Every line of the entries below from the one containing "3d08fa7037a Sentinel WOMENS" to the one containing "powered by Wikia", both ends included, must be written out exactly. No other line belongs in the answer.

### Data for this exercise
■ ■ ■

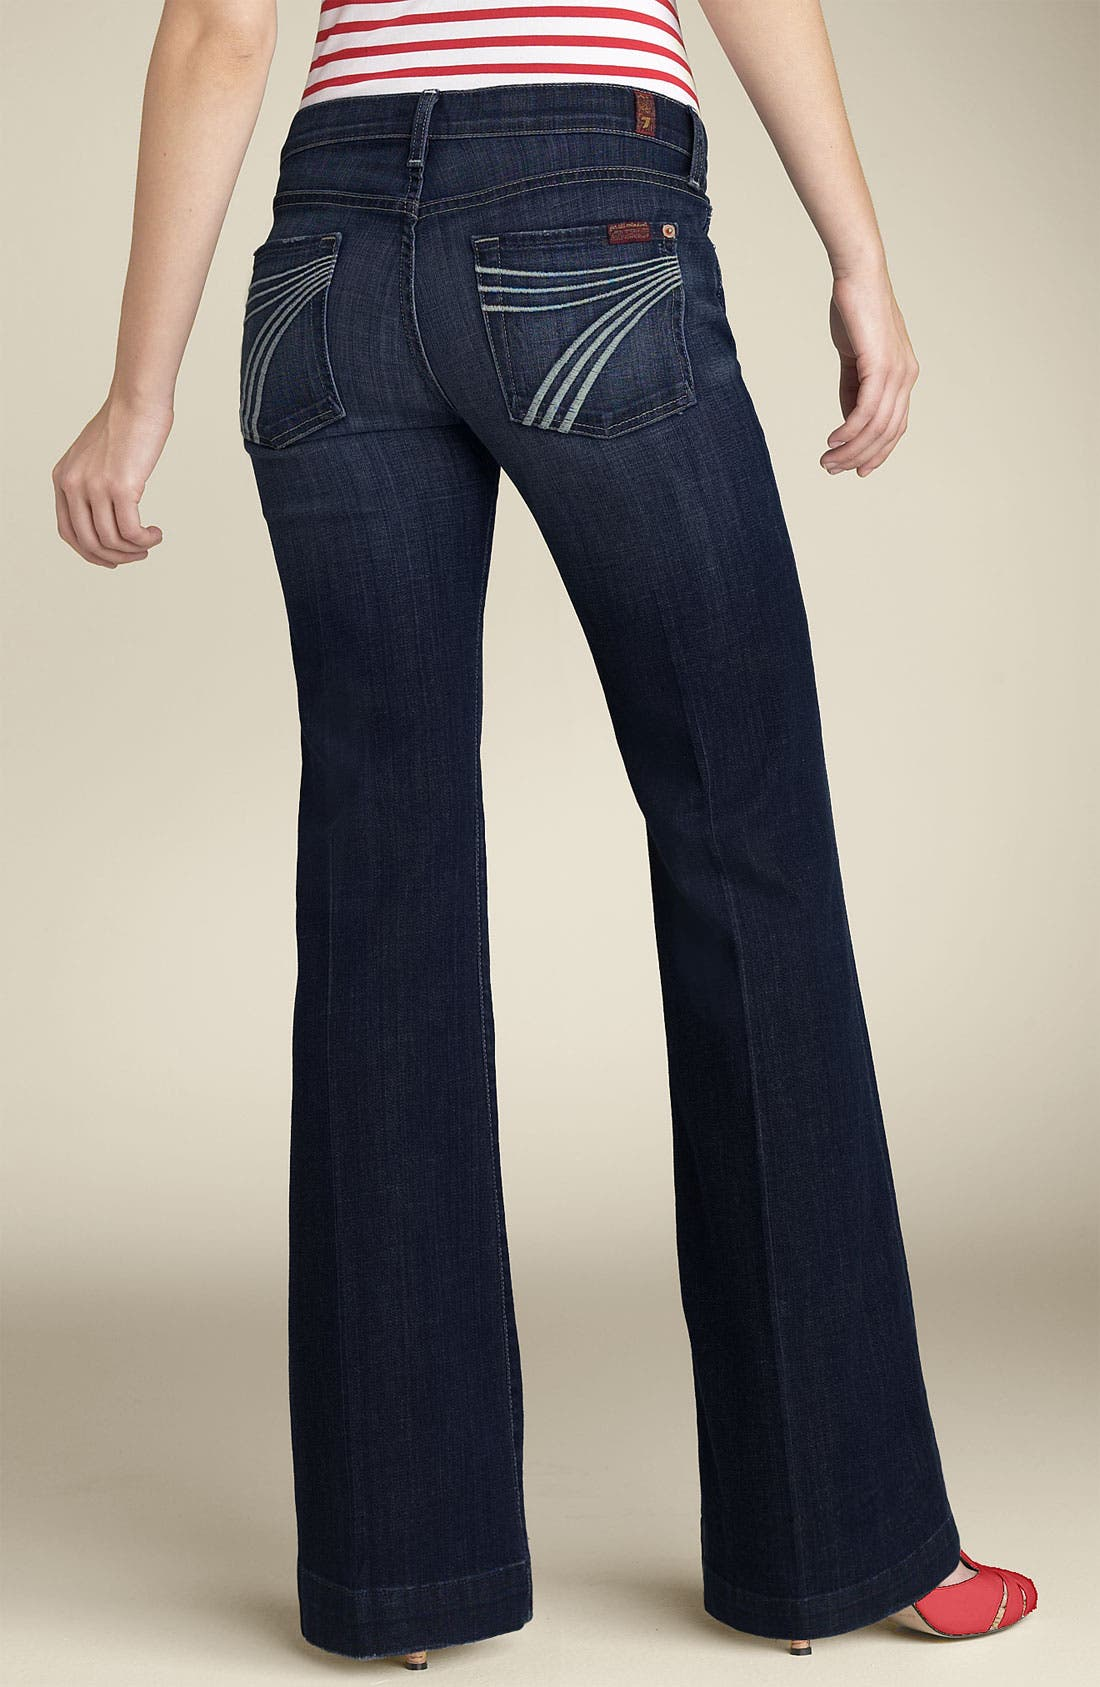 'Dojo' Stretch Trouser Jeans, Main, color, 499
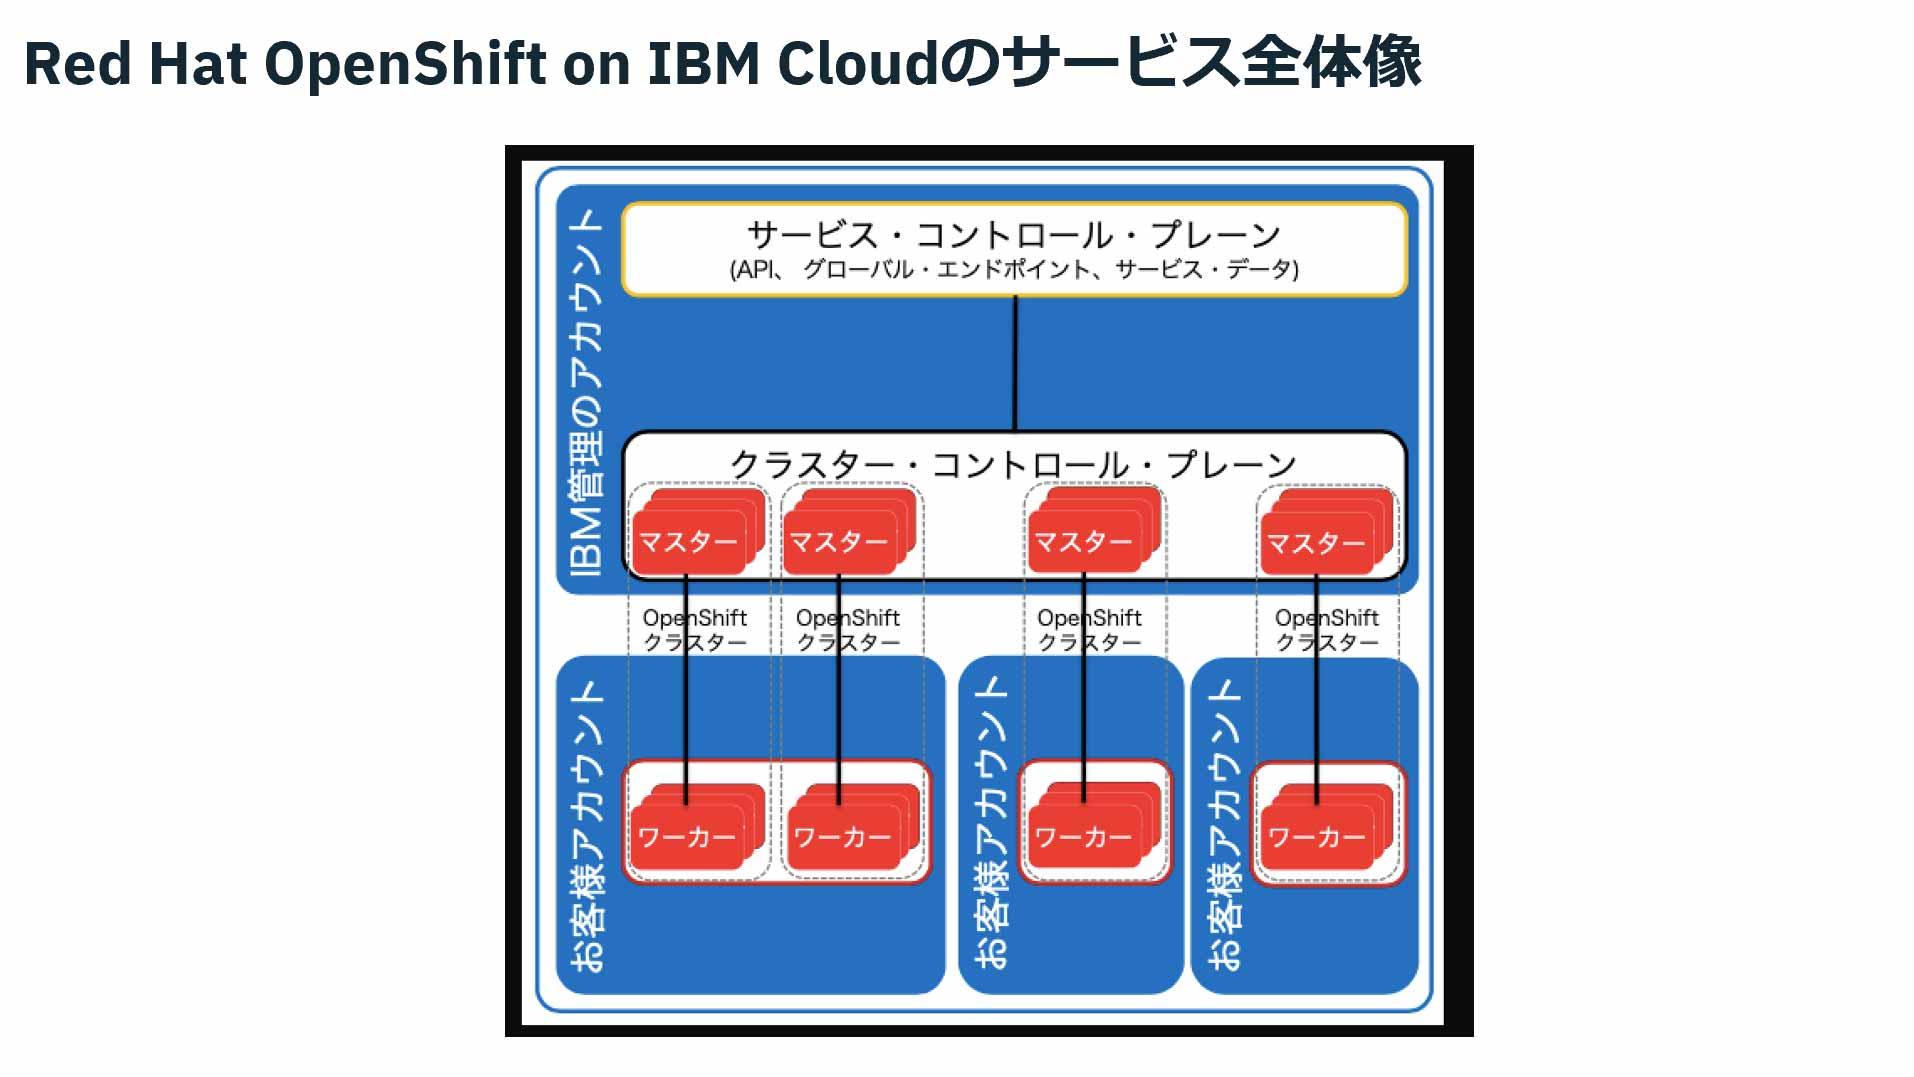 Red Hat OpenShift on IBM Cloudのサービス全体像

■ ■ ■

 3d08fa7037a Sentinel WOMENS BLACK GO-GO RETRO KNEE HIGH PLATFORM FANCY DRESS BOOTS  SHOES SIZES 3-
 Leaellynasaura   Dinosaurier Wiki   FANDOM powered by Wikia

■ ■ ■

### Task answer
 3d08fa7037a Sentinel WOMENS BLACK GO-GO RETRO KNEE HIGH PLATFORM FANCY DRESS BOOTS  SHOES SIZES 3-
 Leaellynasaura   Dinosaurier Wiki   FANDOM powered by Wikia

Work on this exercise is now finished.